It seems to come down to the fact that people are often comfortable with one of two styles:

1) Know nothing, and poke at it until works.  If it quits working, poke at it until it works again.  Fill in gaps as necessary along the way.  I think in psychology, this is called the procedural learning style.  Step-by-step.  If it breaks, learn a new procedure.

2) Understand how all the essential cogs turn, so an educated guess can be made at how to start from scratch, and how to anticipate, or at least fix errors that come up.  This is the intuitive learning style.  If it breaks, find out why, and consider how to apply this in the future.

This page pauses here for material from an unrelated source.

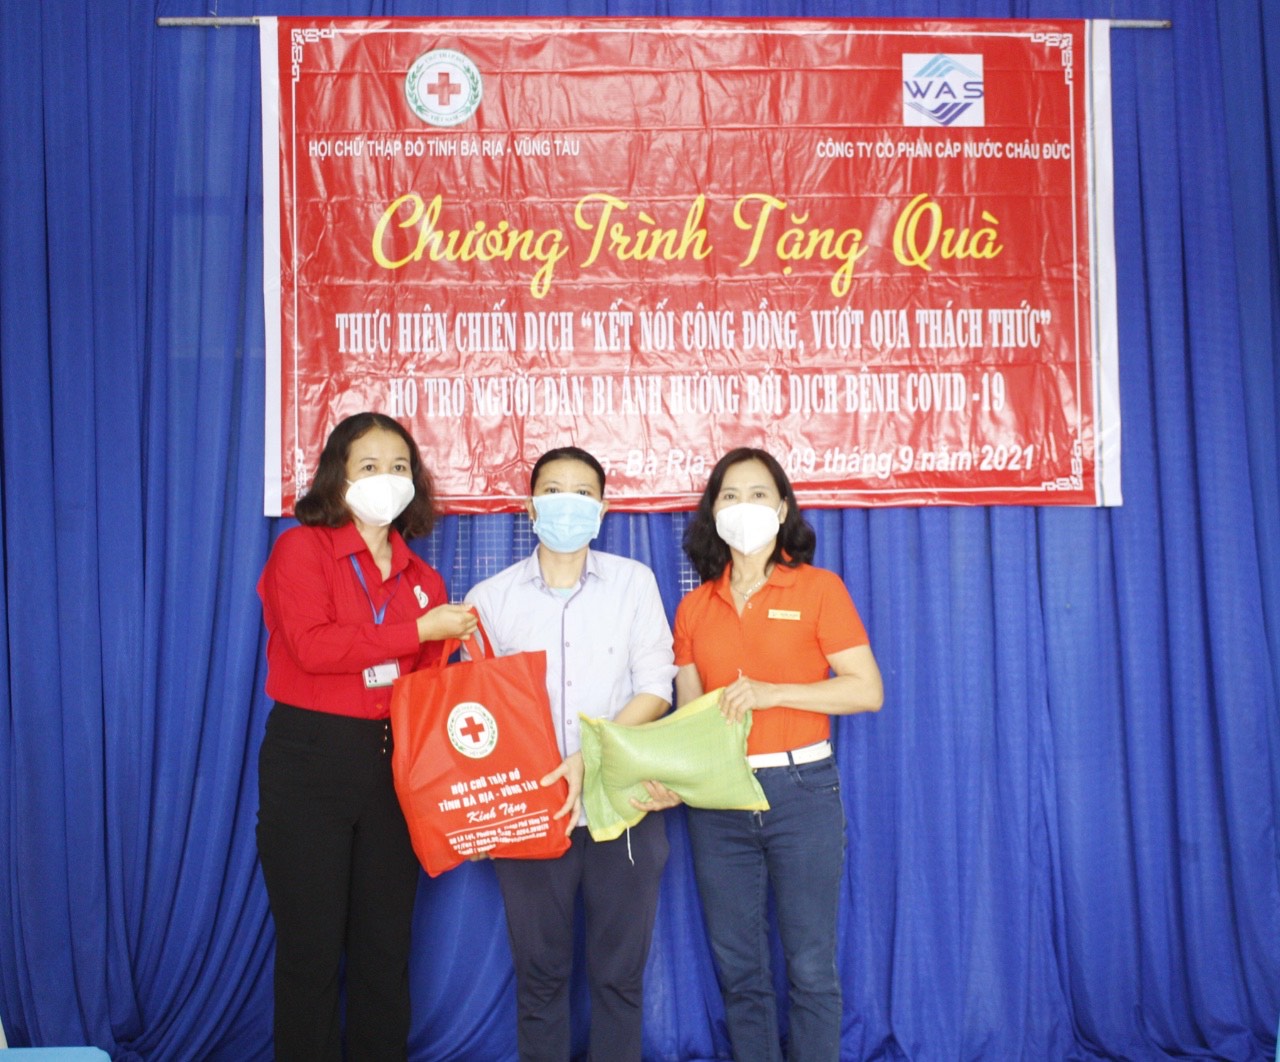 Bà Hà Thị Việt Bắc, Phó Chủ tịch Hội Chữ thập đỏ tỉnh cùng đại diện Công ty CP Cấp nước Châu Đức trao quà tới người dân trên địa bàn xã Tân Hưng (TP. Bà Rịa).

I'm in the second camp.  Using an IDE is terrifying for me, because so much stuff "just happens", which means I don't know exactly what actually ended up on the chip, or really how it got there.  I know I wrote some code, and it seems to be doing more or less the right thing, but I can't be confident that I did everything correctly.  In which case, there's a good chance a different IC or a particular interrupt or a change in clock frequency could bring the whole house of cards down.  Not great for confidence.

In my line of work, I've noticed most people seem to be Type 1s.  They just go about their job and do what they've been told (or learned) to do.  There isn't much thought about whether what they've been told is always, only sometimes, or not at all correct.  If they do what they're told but a process fails, well...  *shrug*  I followed the procedure I was given, didn't I?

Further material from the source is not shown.